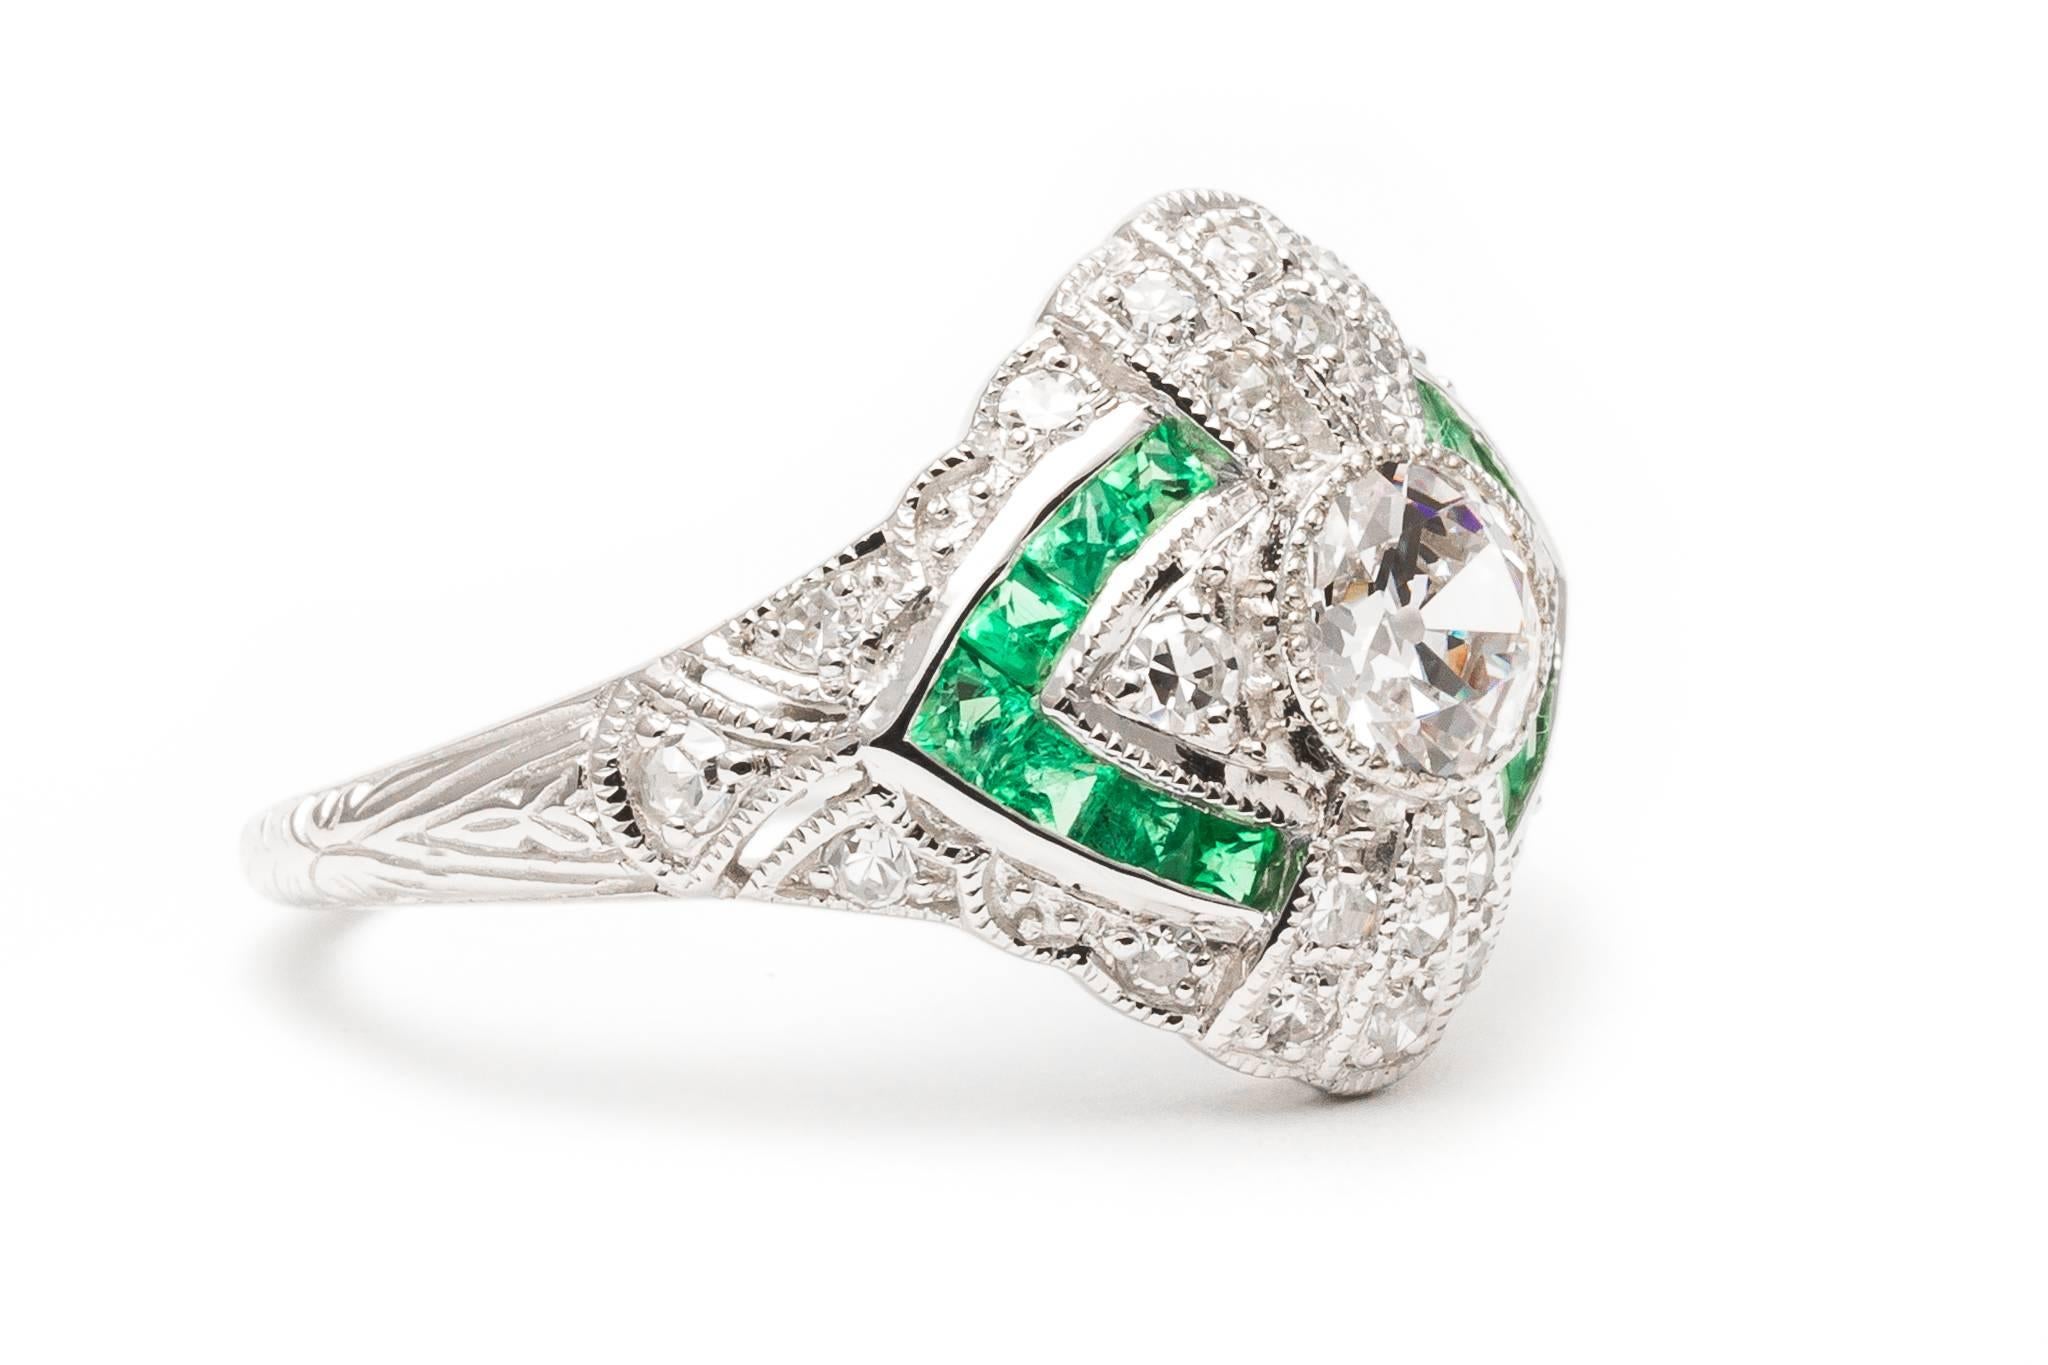 A beautiful and very vibrant French cut emerald, and antique cut Diamond ring.  Featuring a European cut diamond center framed by pave set diamond rays and French cut emeralds.

Grading as superb VS clarity and G colorless color, the center is a
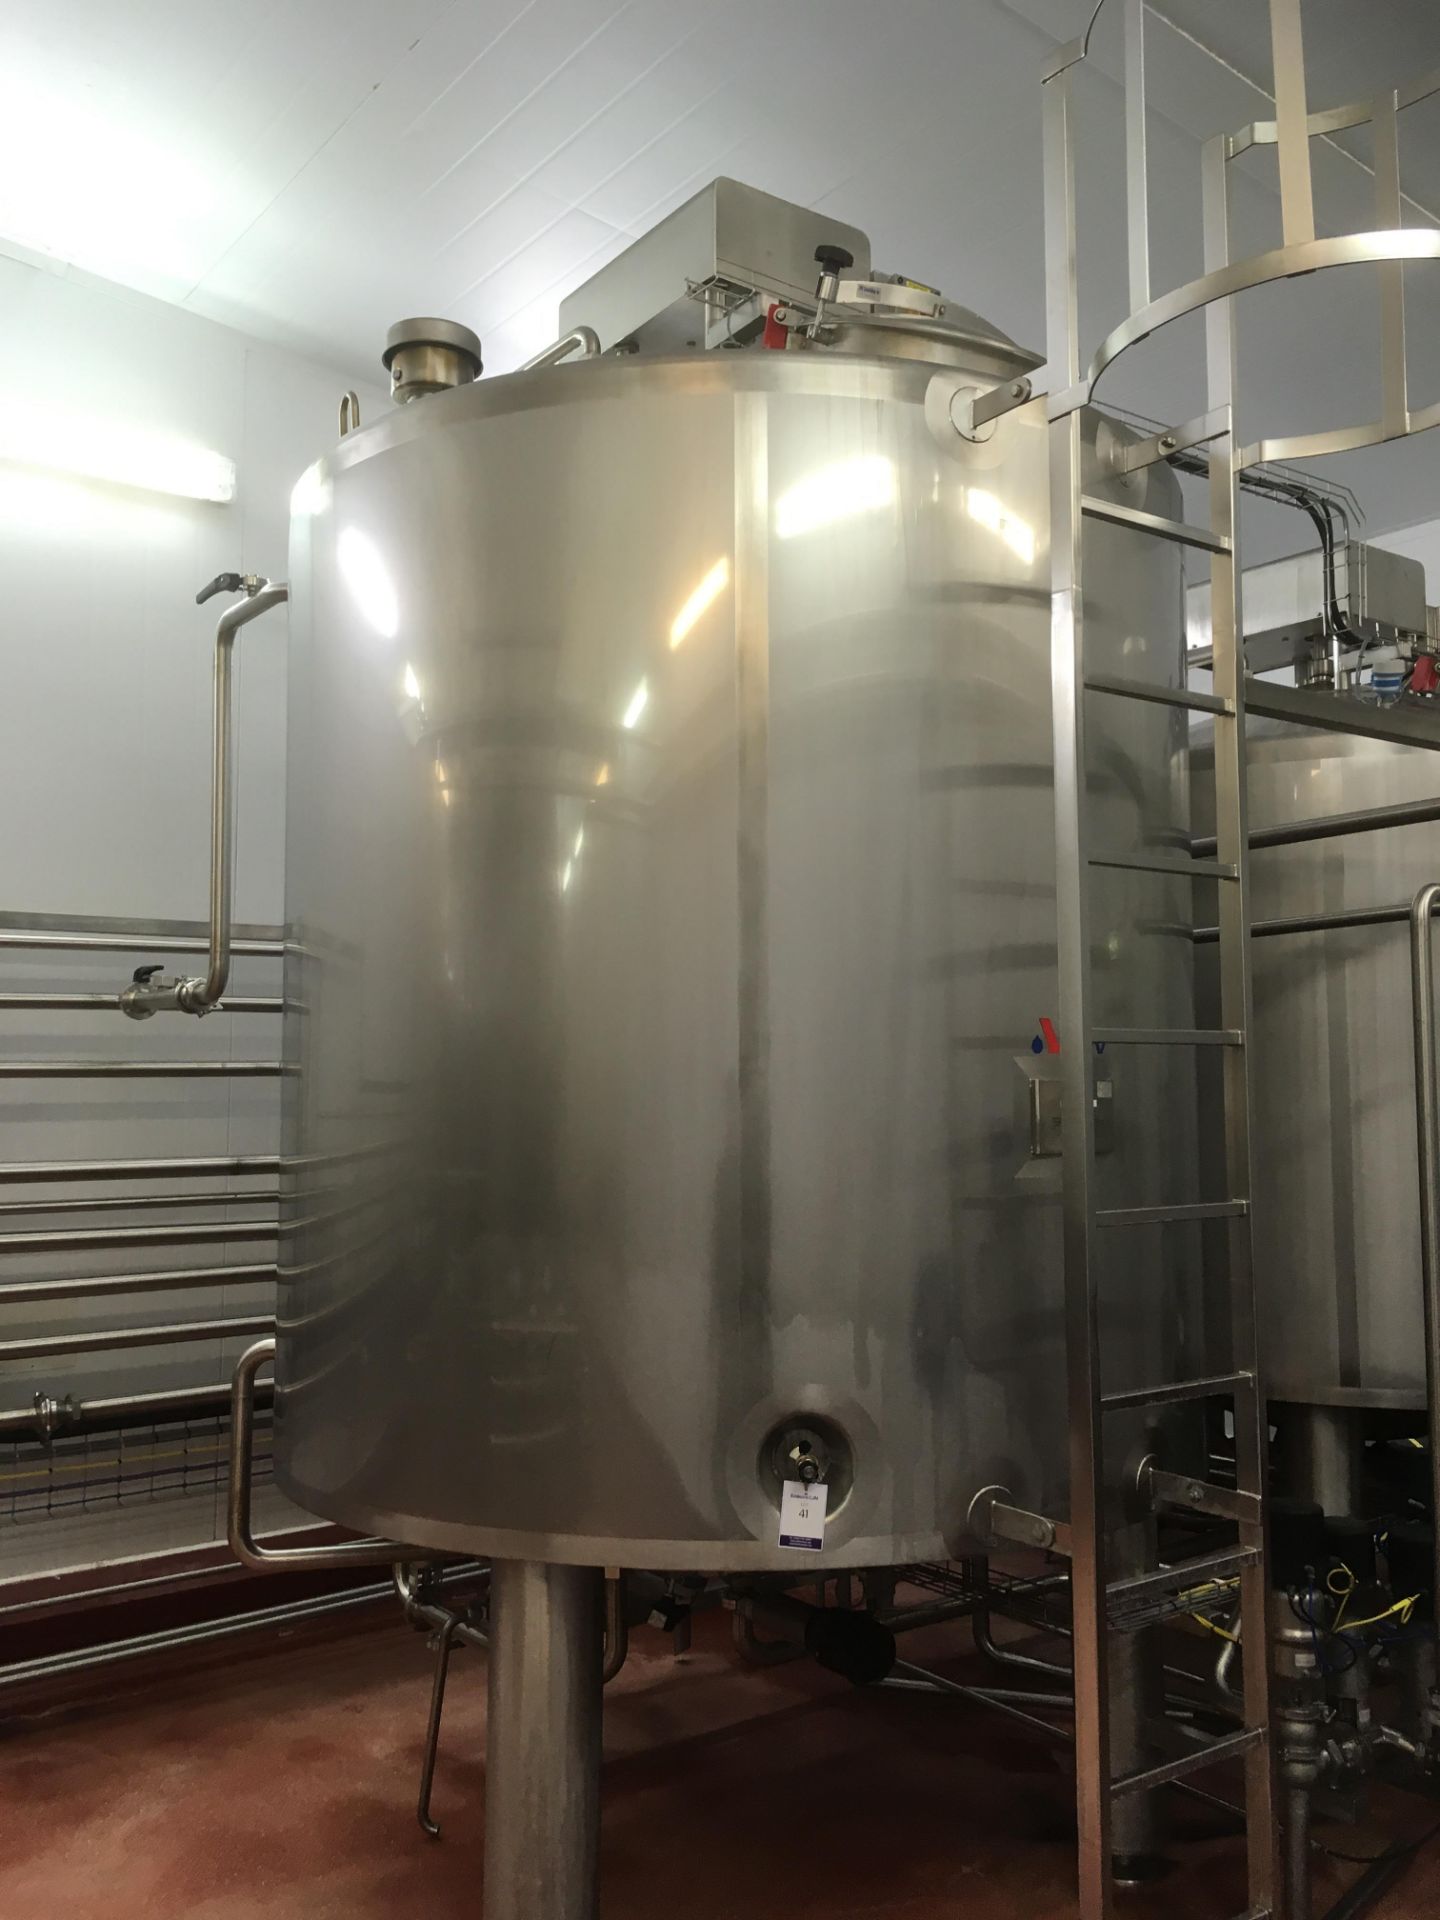 * 2004 JH Stalindustri 6454 Litre Glycol Jacketed finished Cream Tank with Agitator, Full/Empty/

━━━━

### Try it
At the line containing "Grading as superb", start reproducing exactly, and stop after the last line of the listing; include both ends, and leave the pictures out.

### Answer below
Grading as superb VS clarity and G colorless color, the center is a
 * 2004 JH Stalindustri 6454 Litre Glycol Jacketed finished Cream Tank with Agitator, Full/Empty/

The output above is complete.